With the likes of New York-born Hikaru Utada and Misia as role models, an abundance of mostly female singers indebted to American R&B have charged up the charts, many of whom also have significant backgrounds in the States. From Crystal Kay to Bennie K, AI to Double, and new acts Soulhead and Yoshika, R&B divas are giving J-Pop some attitude.
Also raised in New York, the Heartsdales sisters, Jewels and Rum, spent more time in the US than most. With their funky fourth album, Ultra Foxy, just out, the duo have experience adjusting their music for a Japanese market that was unfamiliar to the sounds of Salt’n’Pepa, Tone Loc and Run DMC they’d grown up listening to.
During their first ever English-language interview, the girls are quick to open up. “During our time (in the US), people would bring their stereos out after school and play around, rapping on the streets in the New York suburb of Yonkers.
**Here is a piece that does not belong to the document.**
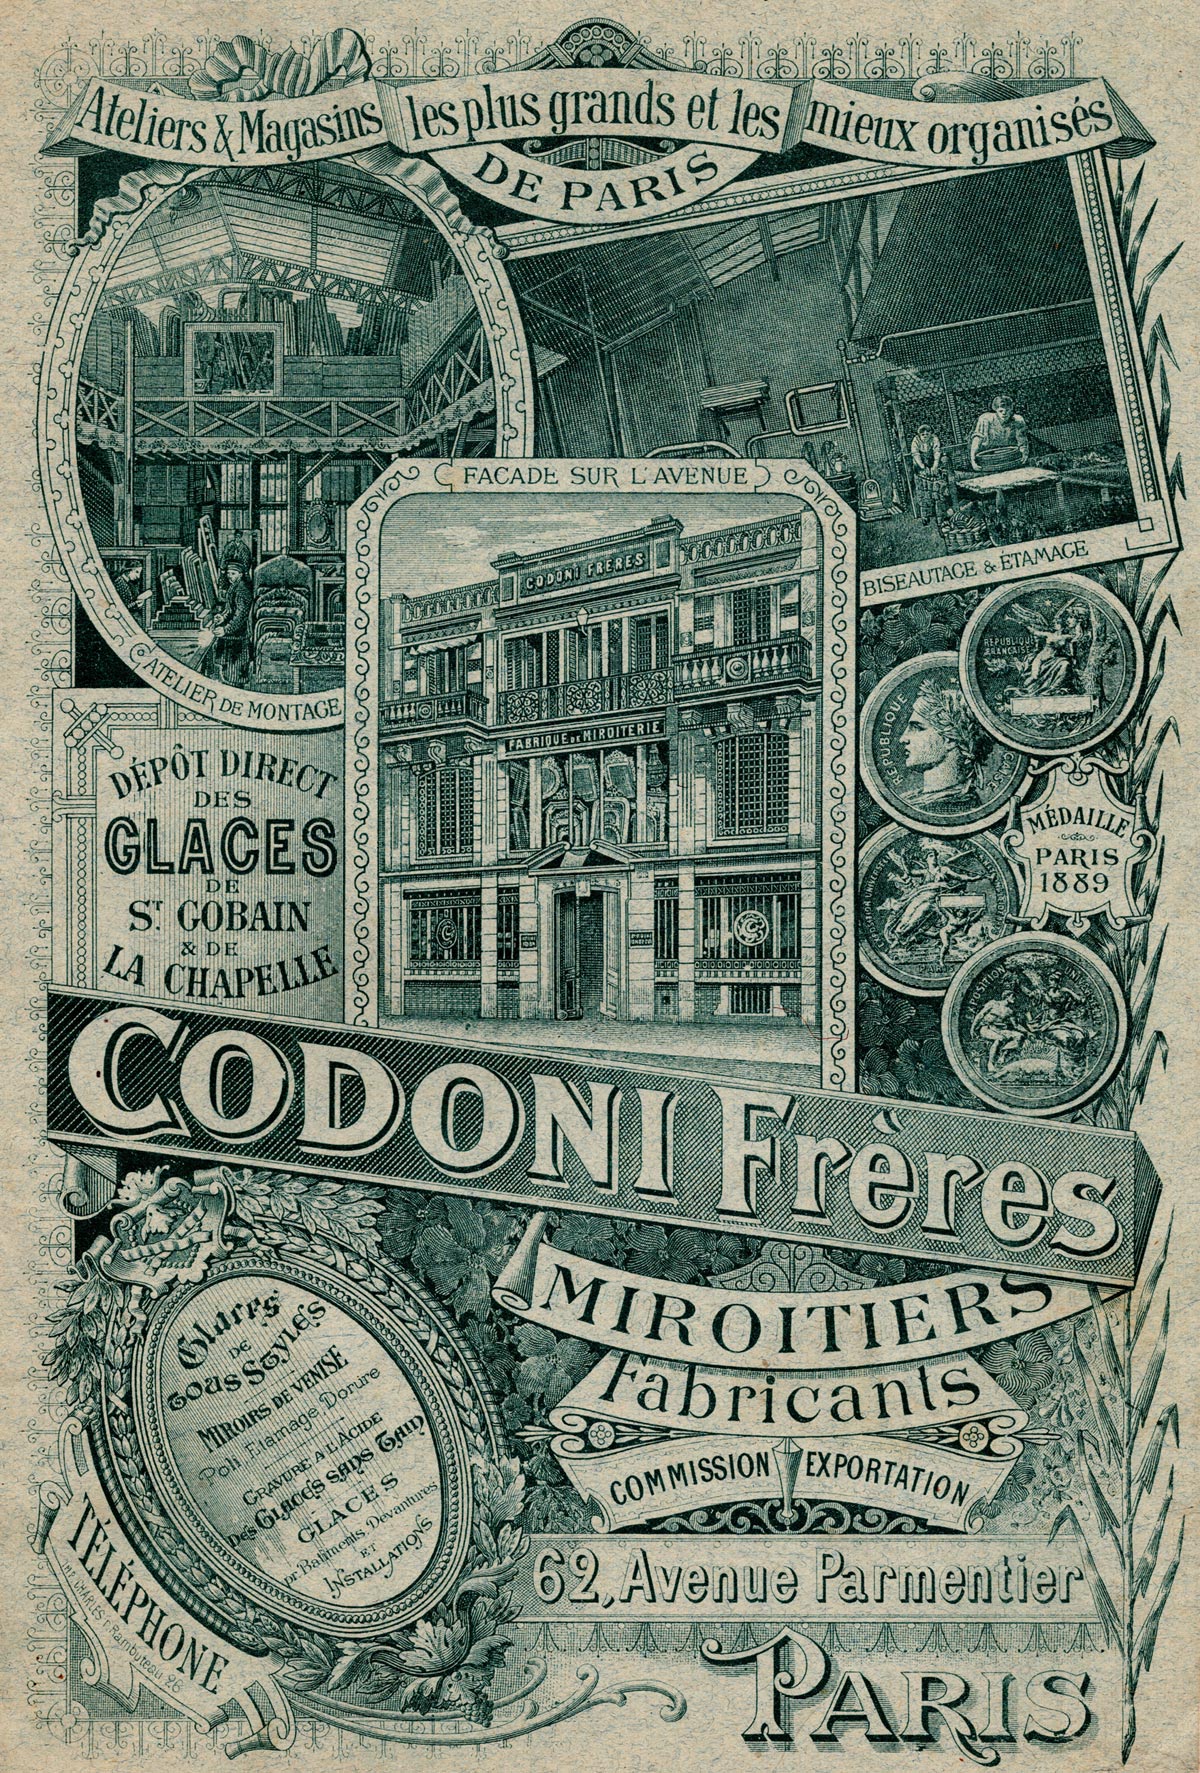 Miroiterie Codoni 1894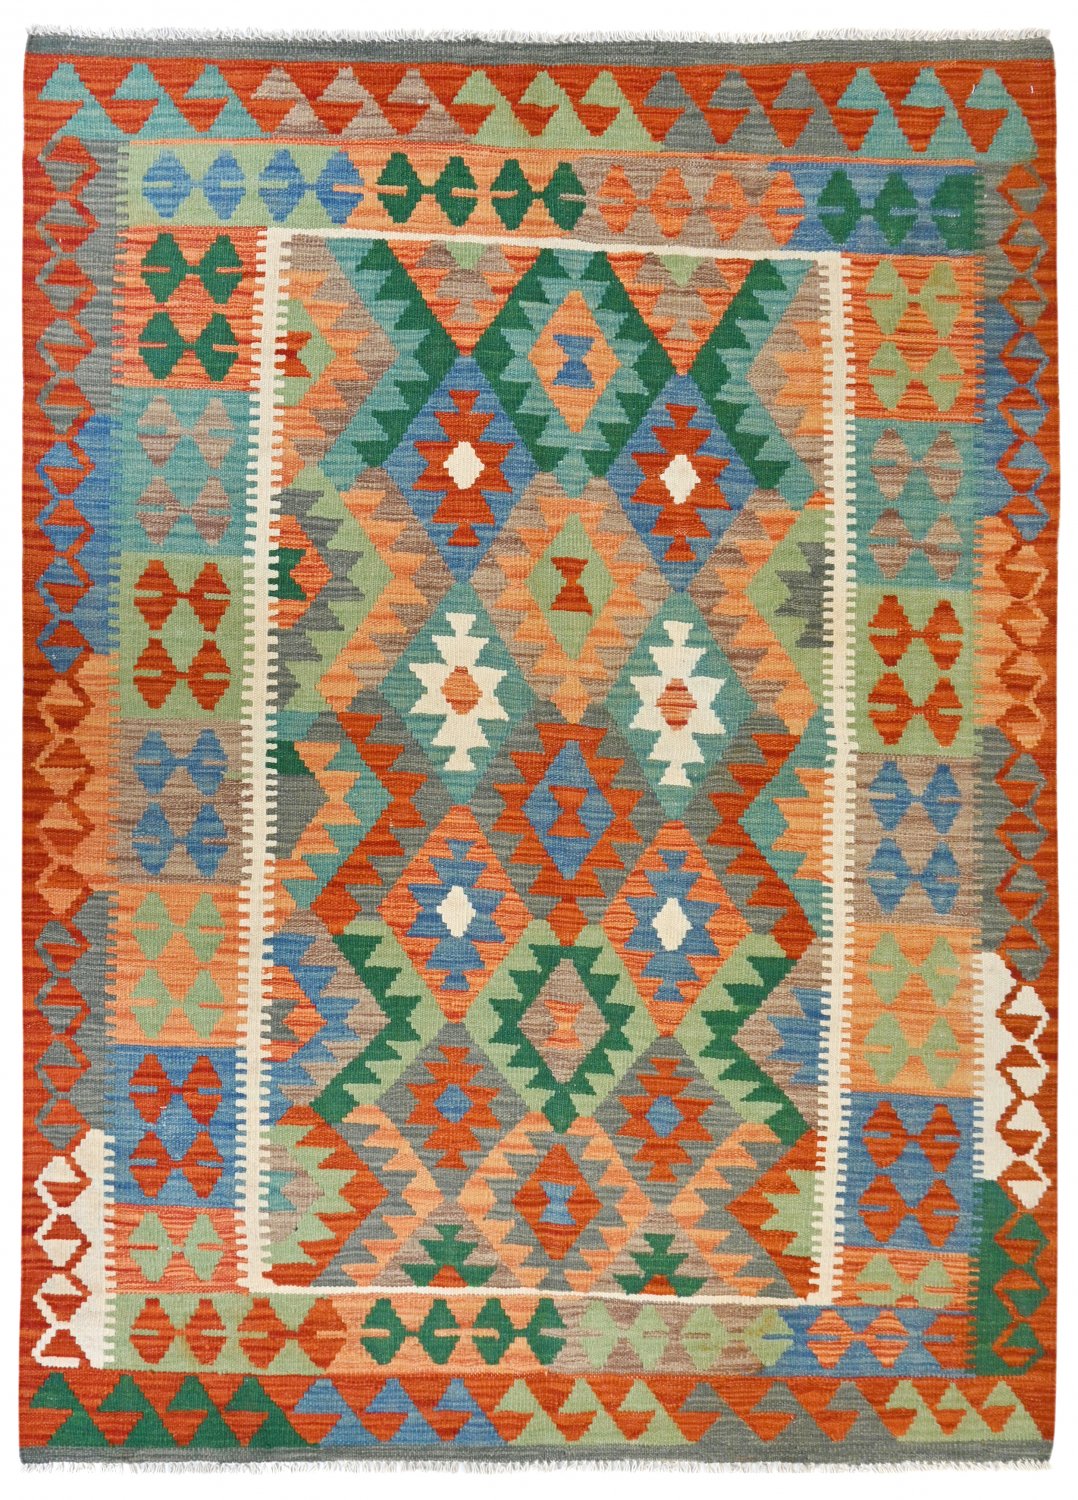 Kilim rug Afghan 197 x 153 cm

When we came back in our teens, we had culture shock for like a year,” recalls Jewels, the older of the two. “We didn’t even know how to speak the language!”
Rum took a chance and sent a demo to the audition segment of TV Tokyo morning show Asayan’s Hip-Hop Revolution’s, and by the time the sisters were recording their first albums, they noticed that to succeed in R&B, they’d have to do things differently. “We were writing in English, but the record companies said we had to do it in Japanese … otherwise (people) can’t sing it in karaoke. So the rap part can be half-English, half-Japanese, but the hook has to be a catchy melody for the Japanese to sing.”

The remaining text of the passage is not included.